María: si el final de esta
historia consigue arrancarte una sonrisa, será mi recompensa.
Eva compartía nombre y el ADN
mitocondrial con la primera mujer de la historia; pero no había sido creada por
Dios en el paraíso el séptimo día para compartir la soledad de un hombre, sino
que era la hija normal de un polvo nacida a las cuarenta semanas.
En contrapartida, su proceso de
maduración duró muchos años y se produjo sin un modelo claro, ni nadie que le
sirviera como referente para todo lo que no comprendía.
Su infancia fue la de una niña
buena boba de la que su currículum no registró ni un triste accidente infantil,
y desconoce si tuvo ángel de la guarda porque jamás necesitó poner a prueba al
suyo. Desde una época temprana supo que los demás no compartirían su mundo.
Así, por comodidad y falta de recursos, aprendió a acomodar sus actos a los gustos
ajenos
Intuyó muy pronto cómo
funcionaban algunas cosas que no le gustaban, pero como nadie le iba a dar explicaciones
decidió archivarlas en algún lugar recóndito, donde no dieran mucho la lata.
Eva sigue recordando cómo, cuando alguna vez escuchó valoraciones negativas referidas
a sus silencios y a su aparente indiferencia, se comió la rabia y siguió en su
mundo.
Entre la maraña de su memoria asoman
las raras ocasiones en que tuvo la osadía de proponer ideas beneficiosas para
todos, pero siempre acaba con la impresión de que aquellas iniciativas se hicieron realidad no por insistencia suya, sino porque alguien con un mayor
ascendiente lo consideró oportuno a posteriori.
Así creció, vivió y aprendió
Eva. Entre silencios y síes se acomodaba dedicando el tiempo libre a cosas que
sólo a ella le interesaban. Eligió el camino fácil de hacer lo que le indicaban
y dejarse llevar y, cuando no existían órdenes directas o rutinas establecidas,
dejó de hacer.
Aprendió a no valorar su vida y
a olvidarse de las preguntas. Aprendió a interpretar las circunstancias en
función de sus miedos.
Su persona se fue ampliando con
numerosos adjetivos que se le quedaban pegados a la piel mientras se
adaptaba a las nuevas definiciones. Y cuando, en medio de un ataque de
mal humor, intuía que algo no iba bien, soñaba despierta esperando que amainara
el temporal.
A pesar de no haber frecuentado
nunca clases de teatro, Eva interpretó numerosos papeles y fue una estupenda
actriz.
Hasta que una crisis repentina se llevó para siempre la agridulce sensación de normalidad.
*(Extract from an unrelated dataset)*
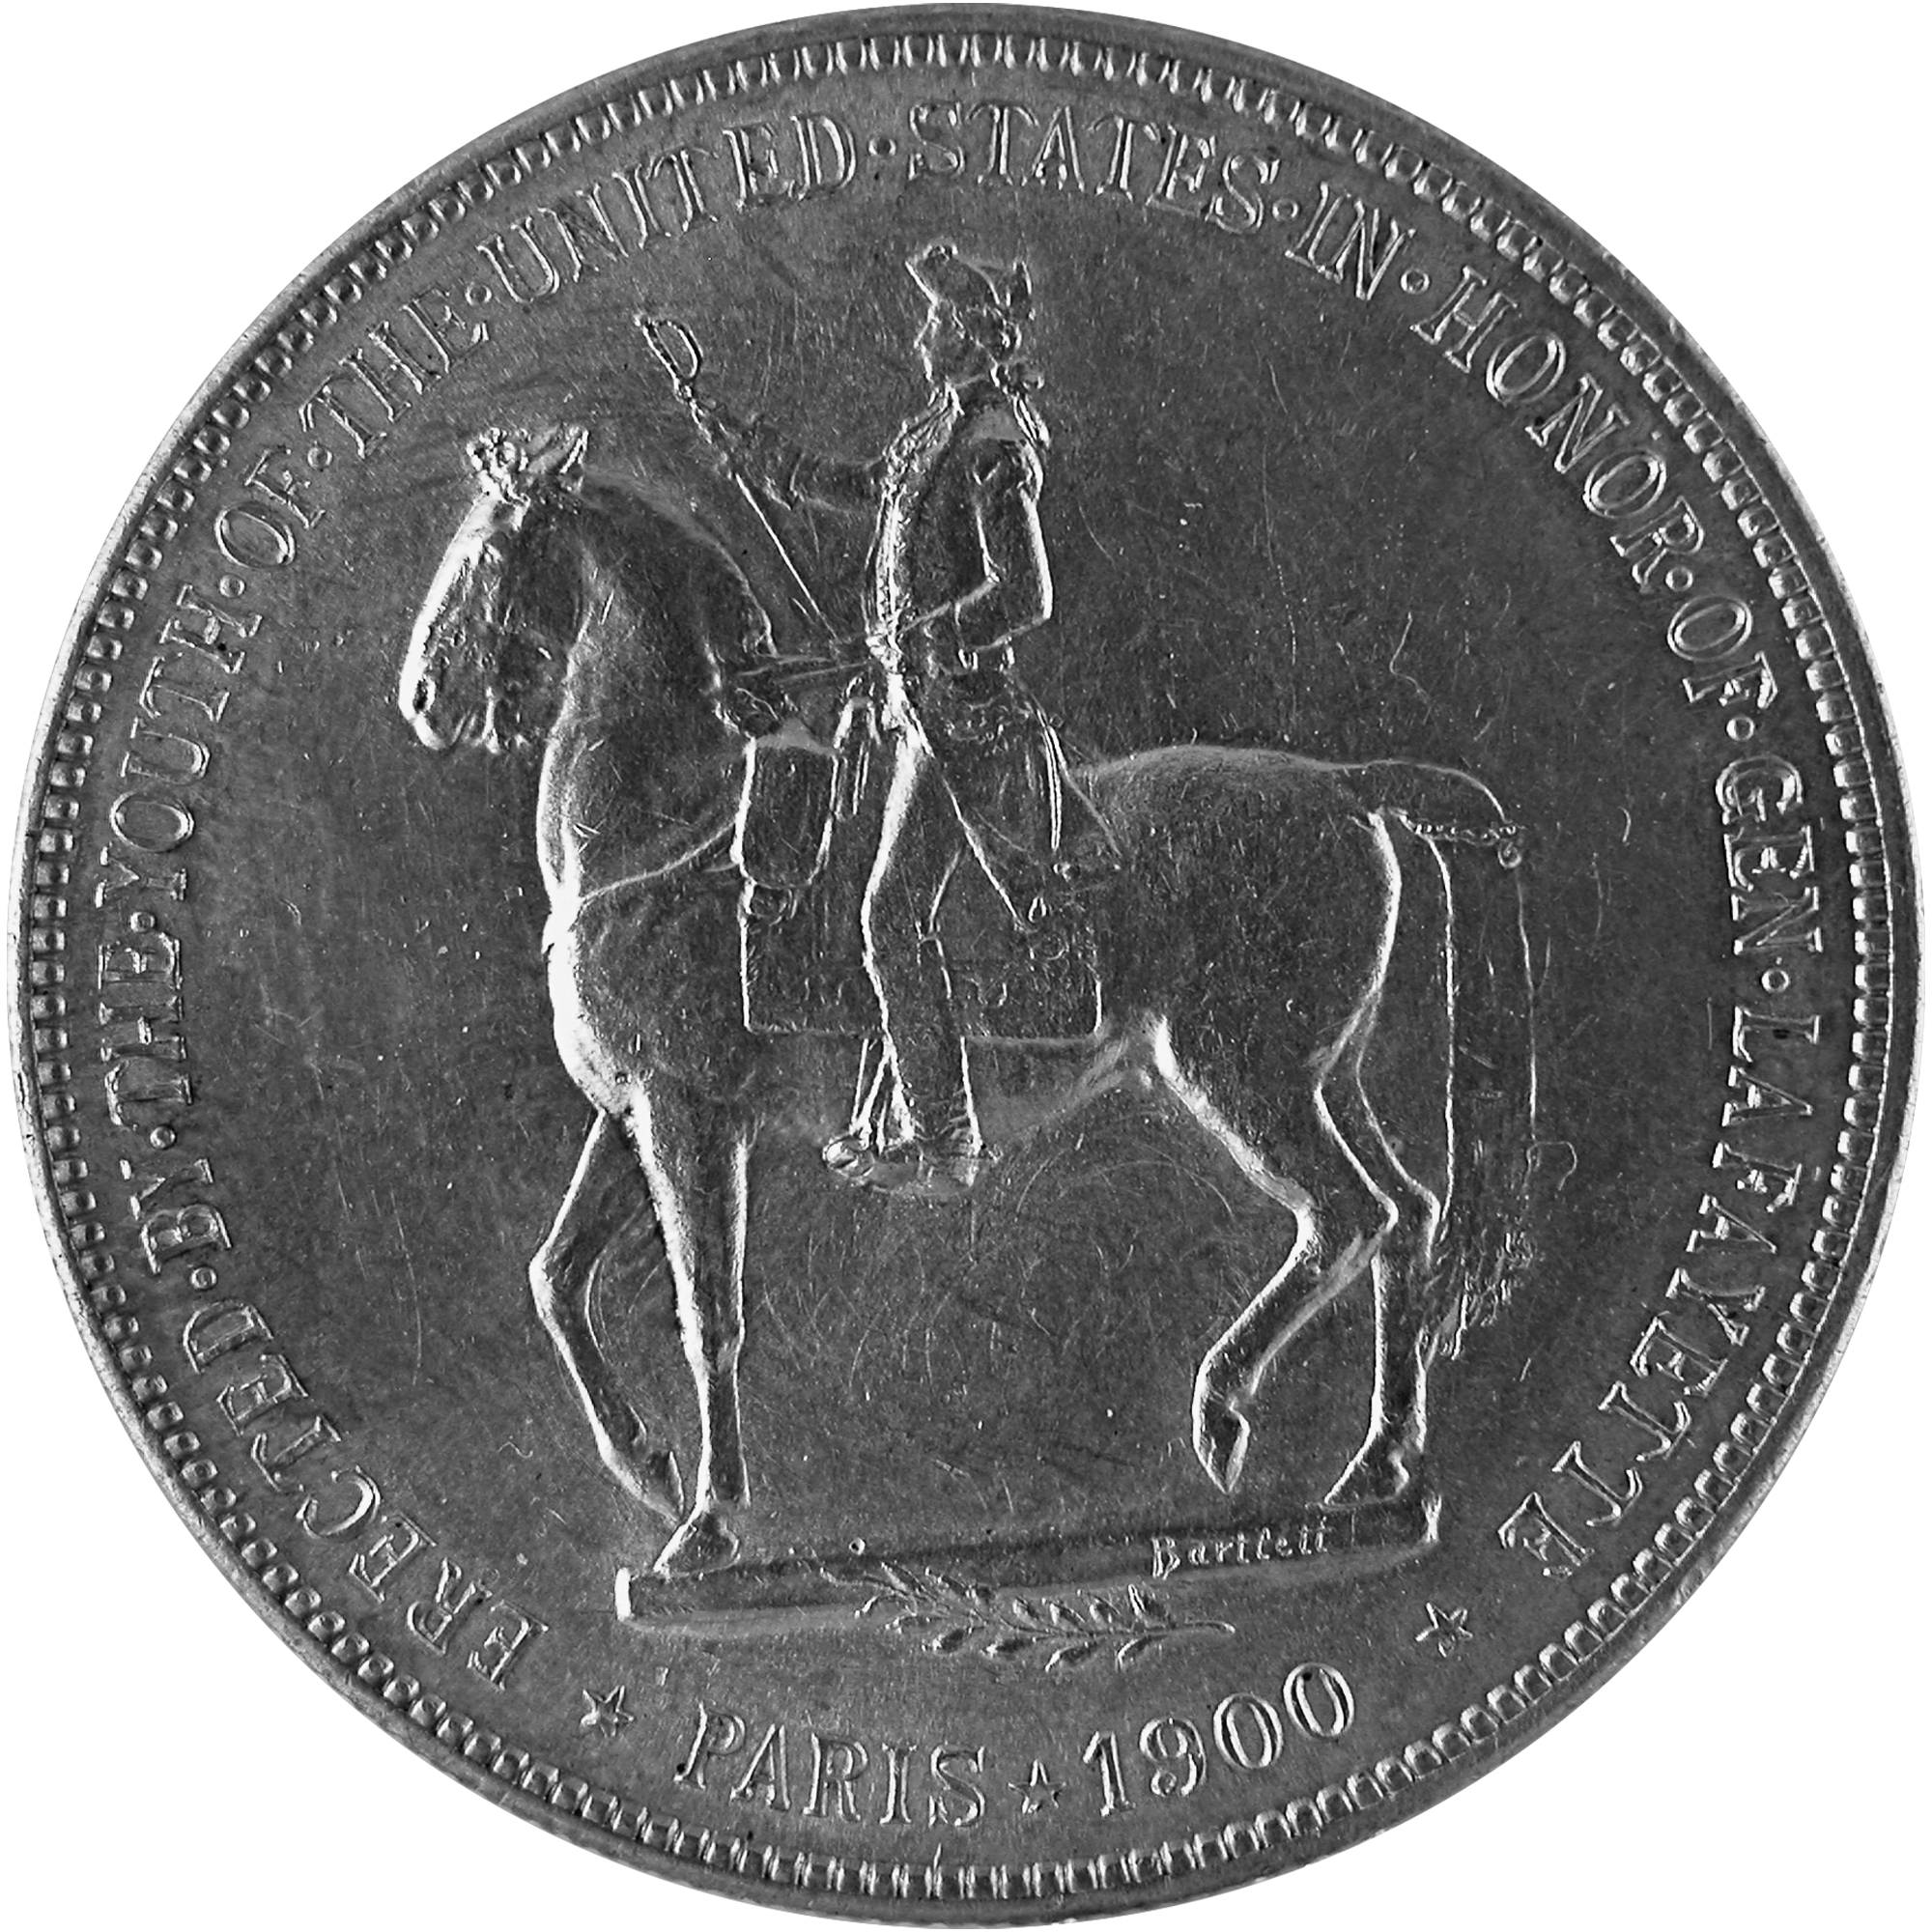 1900 General Lafayette Commemorative Silver One Dollar Coin Reverse

A partir de ese momento, dudó.
Y se preguntó. Se preguntó, sobre todo, sobre sí misma.
Y descubrió que ninguna de las
respuestas obvias le servía; es más, descubrió que las más obvias eran las que
menos le servían.
Entonces enloqueció. Y habló,
habló y habló de todos los temas con cualquiera que estuviera dispuesto a
devolverle algo interesante. Consigo misma, con las mismas gentes de siempre y
con otras que nunca hubiera imaginado.
Sintió vértigo y miedo de las
respuestas, pero continuó. Puso distancias. Tuvo claro qué cosas ya no
ocuparían su tiempo. Decidió hasta dónde estaba dispuesta a llegar.
Durante todos esos meses de
conversaciones y soliloquio, Eva había olvidado el poder de los hábitos
prolongados.
Fue entonces cuando sonó su
teléfono. Una breve conversación.
Sí, sí, vale, vale, de acuerdo…
Mientras se llamaba GILIPOLLAS
sintió la rabia infinita ascendiendo por el esófago.